# Have butterworms vanished from UK?



## garysumpter (Apr 18, 2005)

What on earth happened to the butterworms?

They were AWESOME, expensive but AWESOME!!

I now want a couple of pots for a certain chameleon that really likes waxies, im sure he would LOVE Butterworms.

Anyone know the situation?

Many Thanks

Gary


----------



## DeanThorpe (Apr 9, 2006)

last i checked livefood.ukddint ave any..nor did the actual butterworm website...was a couple months ago... odd.

what sites do you usually look for them on?


----------



## garysumpter (Apr 18, 2005)

The same.

Very weird...


----------



## garysumpter (Apr 18, 2005)

Nobody knows? Its a conspiracy...


----------



## amazoncat (Feb 12, 2008)

I have heard they're seasonal so maybe it's just the wrong time of year for them?

Has anybody tried http://www.butterworms.co.uk/ recently? I'm keen to get hold of a few. Perhaps somebody could buy a load and split them up to sell on through the classifieds.

EDIT: I've just sent them an email asking about buying some. We'll see how it goes.


----------



## biscuitman (Mar 14, 2007)

amazoncat said:


> I have heard they're seasonal so maybe it's just the wrong time of year for them?
> 
> Has anybody tried http://www.butterworms.co.uk/ recently? I'm keen to get hold of a few. Perhaps somebody could buy a load and split them up to sell on through the classifieds.
> 
> EDIT: I've just sent them an email asking about buying some. We'll see how it goes.


Id be interested in going in with you on some, let me know when you get a reply : victory:


----------



## garysumpter (Apr 18, 2005)

I emailed them too.

Will definitely want some (wouldnt have started the thread otherwise )

Gary


----------



## CT1974 (Mar 29, 2007)

Me too, me too!! : victory:


----------



## amazoncat (Feb 12, 2008)

Nothing so far but I'll let you know as soon as they get back to me.

Cat x


----------



## amazoncat (Feb 12, 2008)

Here we go - fresh out of my inbox:

_Many thanks for your enquiry.

Unfortunately, at present butterworms are not available. I am hoping
to get the first stocks of the year in about a month.
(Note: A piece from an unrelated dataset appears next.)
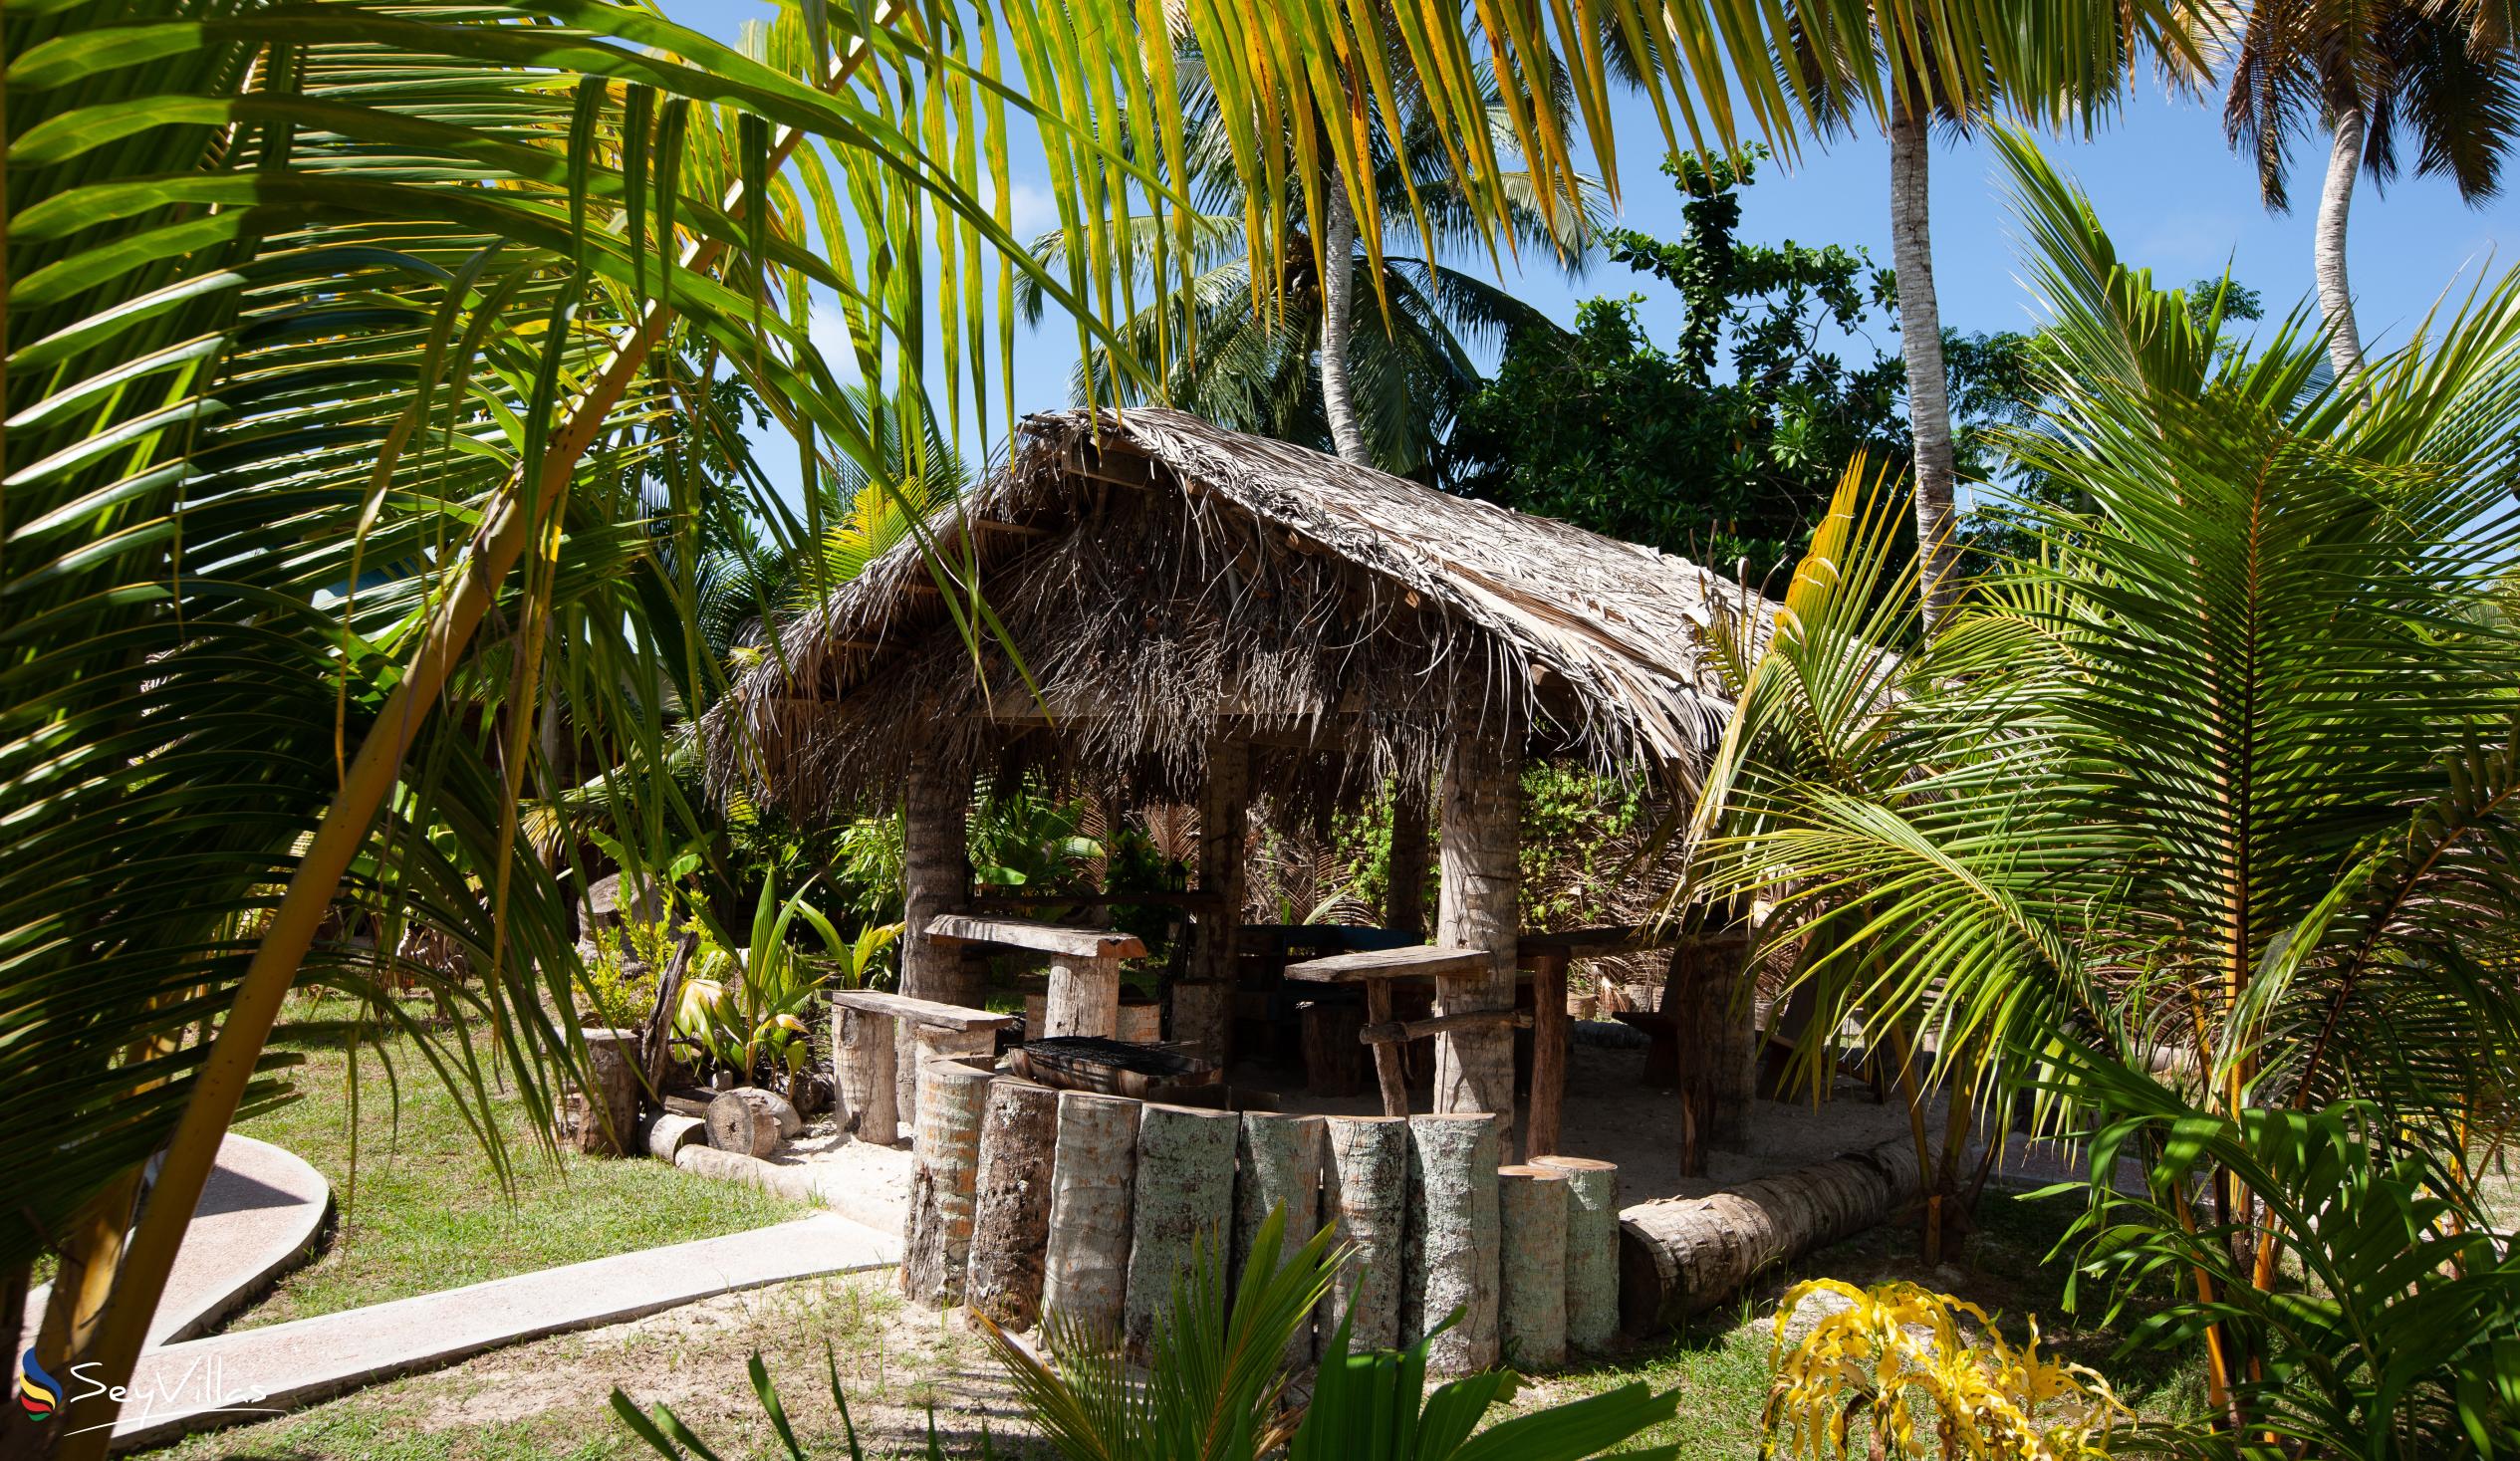 Photo 11: Coco de Mahi - Outdoor area - La Digue (Seychelles)

I will contact you as soon as I have stock. 

Many thanks

Ian Reynolds_

When he gets back to me I'll order 500 or so and we can split them - much cheaper than going to the rep shop for them!


----------



## biscuitman (Mar 14, 2007)

amazoncat said:


> Here we go - fresh out of my inbox:
> 
> _Many thanks for your enquiry.
> 
> ...


Sounds good, cheers for emailing him.

Let me know when you get another reply and we can sort out the money : victory:


----------



## CT1974 (Mar 29, 2007)

Great news! Thanks for doing that and letting us know of the outcome!: victory:


----------



## sittopbomb (Jun 26, 2008)

Hi guys, Livefood UK Crickets Locusts Mealworms Reptile supplies mail order now have butterworms in stock  As you said, quite expensive really! A fiver for 25! Let me know how you get on and I'll think about treating my Leopards

Oh, and while we're at it, whats with the shortage of Locusts? My gex HATE crickets (don't blame them, disgusting things!)


----------



## Frilled13 (Mar 4, 2008)

What are they like? I was thinking of getting some of LF UK


----------



## Shell195 (May 31, 2007)

Livefoodsuk now have them in stock


----------



## piehunter (Jul 10, 2007)

http://www.butterworms.co.uk/

They also have them back in stock


----------



## animal addict (Jun 1, 2008)

mine arrived today fom livefood uk!!! Same tub etc as waxies - 25 in total - gonna try my lizard on them 2moro!! He'd better like them lol!!


----------